我已经将其转换为Git存储库,并删除了我不需要的存储库,但是我想通过摆脱与已删除文件关联的历史数据来缩减存储库的大小(原始存储库将是进行维护以供参考,因此在新版本中不需要.)

I've converted it over to a Git repository and removed what I don't want, but I'd like to slim the repository down by getting rid of the historical data associated with the deleted files (the original repository will be maintained for reference purposes so it isn't needed in the new one).

理想情况下,我想做的是遍历整个存储库,并删除工作目录中不存在的所有文件或文件夹,以及与之关联的任何历史记录.这将给我留下HEAD的内容以及影响这些文件的提交历史.但是,我还没有遇到这样的方法(孤立的HEAD不能保存历史记录,所以没有帮助).

Ideally what I'd like to do is go through the entire repository and remove any files or folders not present in the working directory, along with any history associated with them. This would leave me with the contents of HEAD and a history of commits affecting those files. However, I haven't come across a way of doing this (orphaning HEAD doesn't help as it doesn't preserve the history).

这可能吗?我知道如何通过git-filter-branch从整个历史记录中删除单个文件或文件夹,但是这样做的文件和文件夹太多了,这是不切实际的方法...除非有一种方法可以对不在HEAD中的所有文件进行过滤?

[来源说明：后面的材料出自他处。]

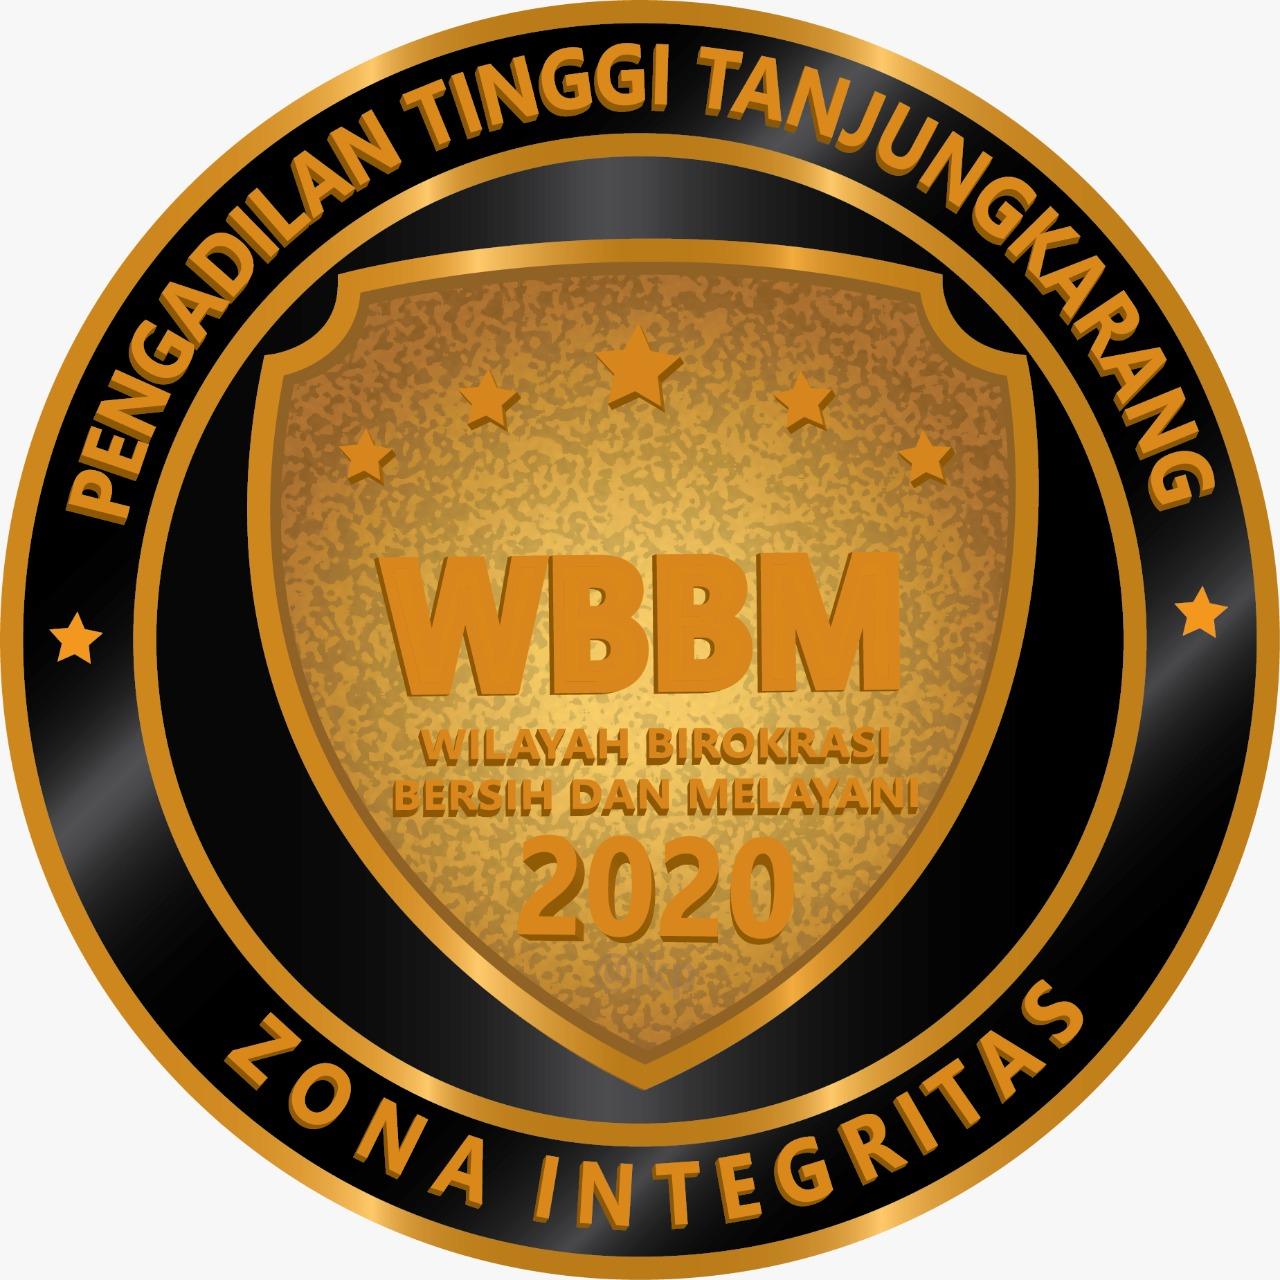 WILAYAH BEBAS KORUPSI (WBK) TAHUN 2019 DAN WILAYAH BIROKRASI BERSIH DAN MELAYANI (WBBM) TAHUN 2020

Is this possible? I know how to remove a single file or folder from the entire history via git-filter-branch, but there's too many files and folders for this to be a practical approach... unless there's a way of filtering on all files not in HEAD?

推荐答案

以下是使用git filter-branch删除所有不需要的文件的方法:

Here's how you can use git filter-branch to get rid of all files that you don't want:

  1. 获取您不想在历史记录中出现的文件名列表,包括重命名时的旧名称和新名称.例如,将它们放在名为toberemoved.txt

  1. Get a list of the filenames that you don't want to appear in the history both the old names and the new names in case of renames. For example put them in a file called toberemoved.txt

像这样运行git filter-branch:

Run git filter-branch like this:

$ git filter-branch --tree-filter "rm -f `cat toberemoved.txt`" branch1 branch2 ...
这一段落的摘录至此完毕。